Vaccination contre la brucellose

La fréquence des brucelloses humaines est difficile à établir. Le nombre de cas déclarés en France ce dix dernières années varie entre 300 et 1000 cas annuels, chiffres très inférieurs à la réalité.

La brucellose fait des ravages

Brucellose

Brucellose

Pour la plupart des épidémiologistes, le nombre de cas réels correspond à la multiplication du chiffre déclaré par 3 ou 4.

Le taux de morbidité annuel s’élève à 1,2 pour 100000 habitants. Ce sont surtout les hommes de 40 à 55 ans qui continuent à être le plus fréquemment atteints.

La prophylaxie de la brucellose chez l’homme impose, en premier lieu, l’éradication des brucelloses animales et la disparition de la maladie chez l’unique source d’infection :

  • les ovins
  • bovins
  • caprins

Chez l’homme, la vaccination s’impose surtout pour les professions particulièrement exposées.

Quelques expériences

Des tentatives de vaccinations ont été réalisées avec des vaccins tués, depuis 1906 par Eyre, puis par Nicoll et Conseil. Mais les vaccins n’ont pas eu une application sur une grande échelle à cause de la mauvaise protection qu’il confèrent.

Des vaccins vivant ont été utilisées en U.R.S.S depuis 1952 malgré leur faible efficacité et les réactions allergiques post-vaccinales qu’ils provoquent.

Des vaccins microbiens tués ont été également mis au point aux États-Unis. Ces vaccins se sont révélés inactifs et avaient l’inconvénient de provoquer des réactions d’hypersensibilité retardée très importantes.

Vaccin

Vaccin

En France, c’est en particulier Roux et coll. qui ont mis au point un vaccin dont les premiers essais ont montré la parfaite efficacité.

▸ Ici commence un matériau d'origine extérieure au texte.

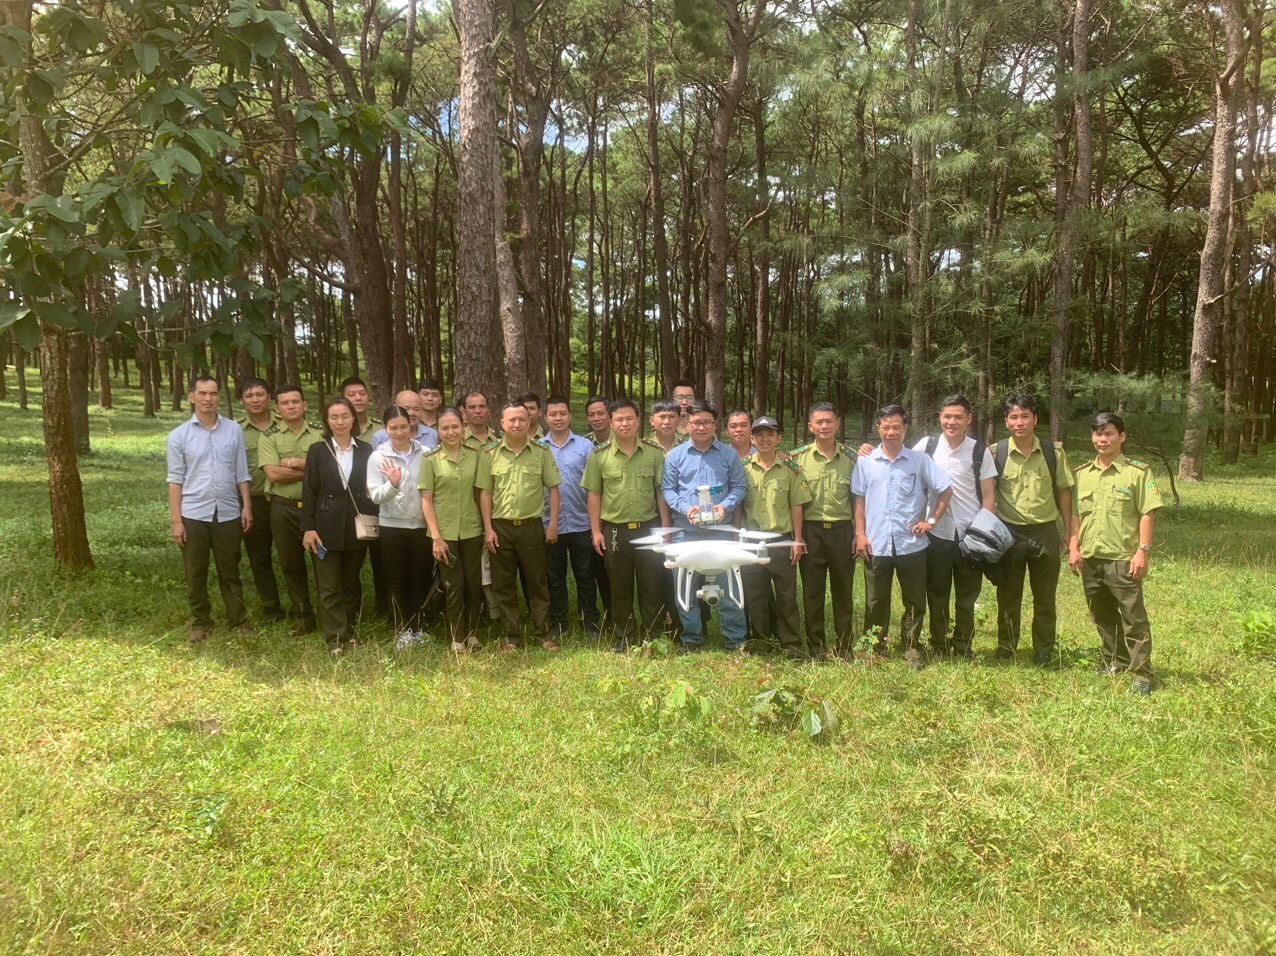 Chi cục Kiểm lâm triển khai sử dụng thiết bị bay flycam trong công tác quản lý bảo vệ rừng trên địa bản tỉnh

Ce vaccin est constitué d’une fraction antigénique chimiquement définie, extraite de B. Melitensis. Il s’agit de la fraction phénol insoluble qui s’est révélée dépourvue de toxicité. Ce vaccin, en cours de commercialisation par l’Institut Mérieux, est administré en deux injections à quinze jours d’intervalle après intradermo-réaction à la mélitine négative. Le rappel est effectué au bout de 12 à 18 mois.

Une réaction locale à type d’érythème et d’œdème dont la durée n’excède pas deux à trois jours est généralement observée. La réaction locale s’accompagne d’une réaction générale avec céphalée et malaise général, parfois d’une légère hyperthermie. Tous ces signes régressent e en 2 à 3 jours.

L’immunisation peut parfois provoquer des réactions très violentes chez les sujets déjà infectés. Il est donc impératif, avant toute injection vaccinale, de détecter la présence d’anticorps antibrucella ainsi que l’état d’hypersensibilité à la mélitine. Seule sont vaccinées les personnes ne présentant aucune suspicion de brucellose récente ou ancienne.